John Calvin perhaps?


----------



## svalbard (Apr 11, 2015)

BAYLOR said:


> John Calvin perhaps?



There were plenty of candidates.


----------



## JoanDrake (Apr 26, 2015)

One interesting AH possibility is what if one of these candidates was Islam? What if one of the alternate reformers was an Imam with a new muslim message for both the Faiths?


----------



## Venusian Broon (Apr 26, 2015)

JoanDrake said:


> One interesting AH possibility is what if one of these candidates was Islam? What if one of the alternate reformers was an Imam with a new muslim message for both the Faiths?



Interesting, but I don't think such a person would have survived very long if such a person has appeared in the Christian West. Just a few years after the start of the reformation the Ottoman Turks were at the height of their expansion into Europe with Suleiman the Magnificent and much feared. Surely a muslim preaching some sort of action that might break up the Christian church would only be taken in a very negative manner!


----------



## Ray McCarthy (Apr 26, 2015)

@JoanDrake
Just look at what Islam generally thinks of Bahai faith. The Founder was an Iranian Moslem I think. The Iranians (Medes & Persians of Persia then) decided it wasn't a new religion, but Apostate Mohammedanism. The Prophet himself believed that Islam was in a way a reformation, the ultimate expression of Judaism and Christianity. He expected them to become his followers en mass. Later Persia was conquered by Islamic army. The whole history of Islam is forced conversion, conquering and treating Jews & Christians as second class citizens. Anyone not Islamic, Jew or Christian basically had no rights.

Not Catholic, Egyptian Coptic, Syriac, Indian, Chinese, Greek or Russian church is ever going to listen to an Imam, or vice versa. Ultimately the idea that Islam, Christianity and Judaism can peacefully co-exist is a western liberal fantasy. It's not because of the Palestinians that the State of Israel's very existence is opposed by so many.   

Islamic groups want special dispensations in the West that don't exist for non-moslems in many Islamic countries.

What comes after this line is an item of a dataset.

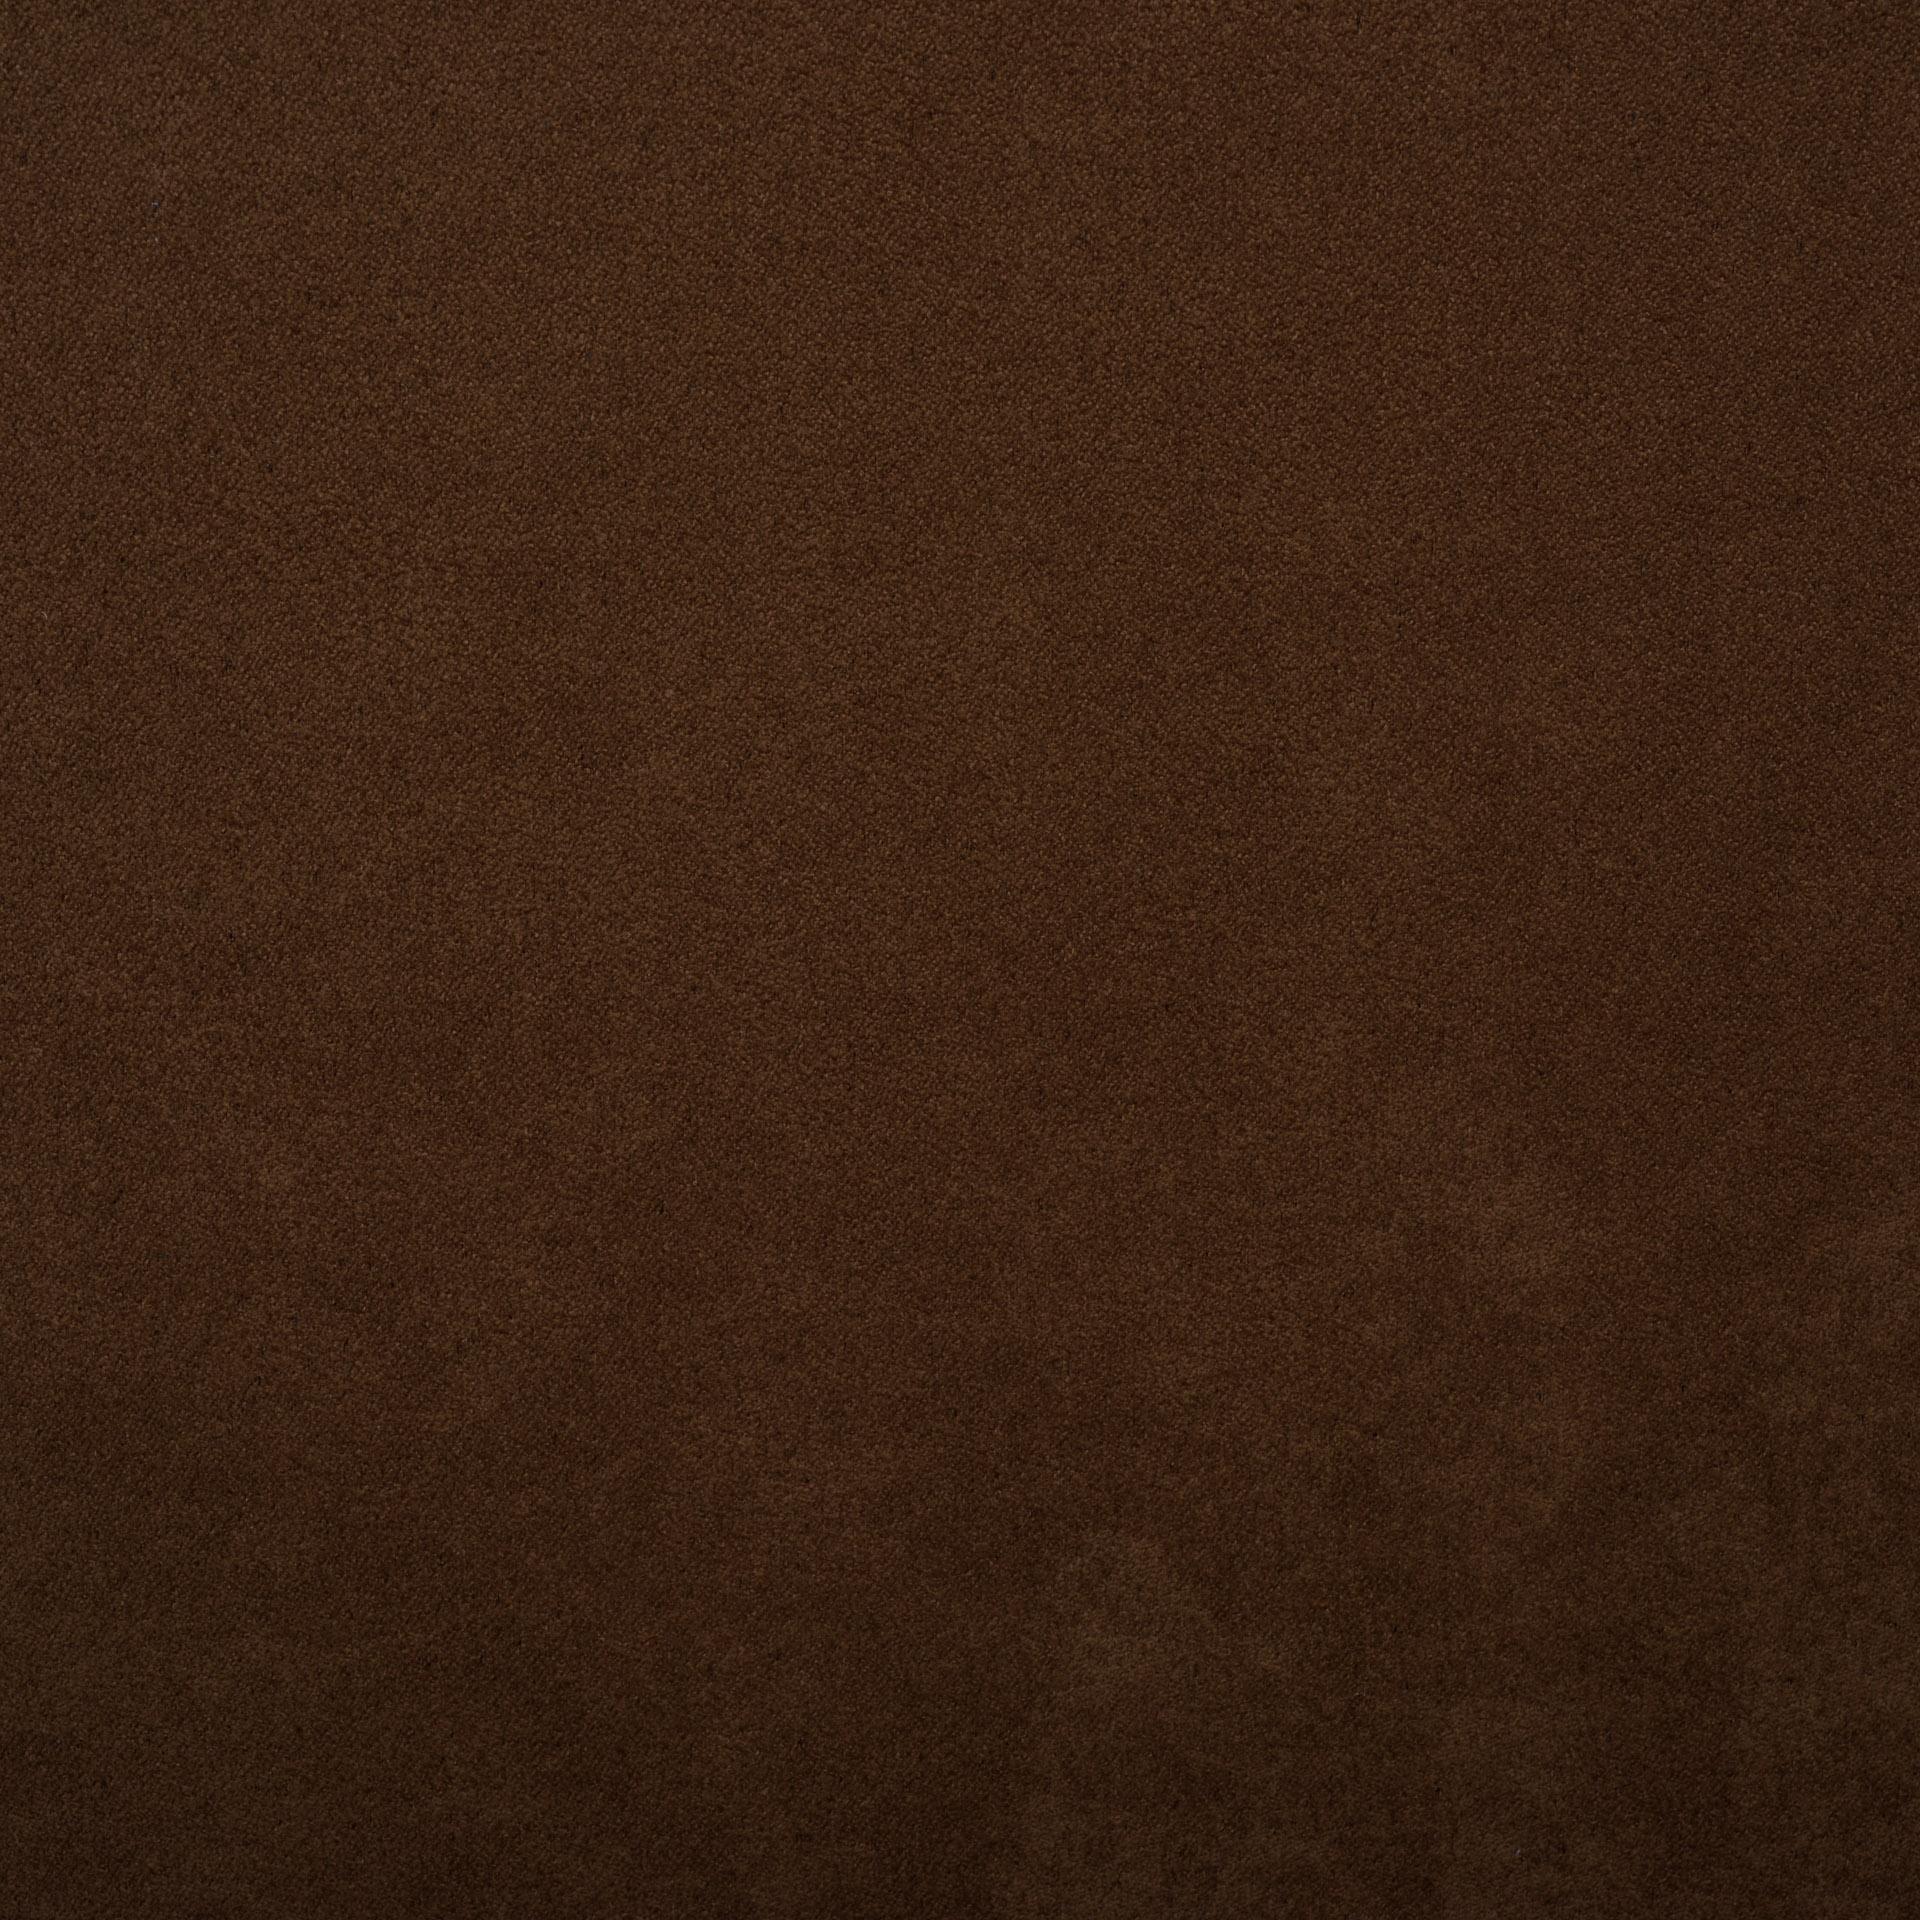 Коллекция ткани Бонд BROWN 05,  купить ткань Велюр для мебели Украина

The Ottoman Empire was more secular than purely Islamic of course, about similar relationship of C of E to the Britiish Empire. So provided the bribes and taxes paid, it was far more enlightened that Saudi Arabia or Iran today in terms of cultural or religious freedoms. But not Political or National freedom. If it hadn't been checked as well as rotted from within, there would be no West with a Christian background today. Just one corrupt vaguely Islamic state.


----------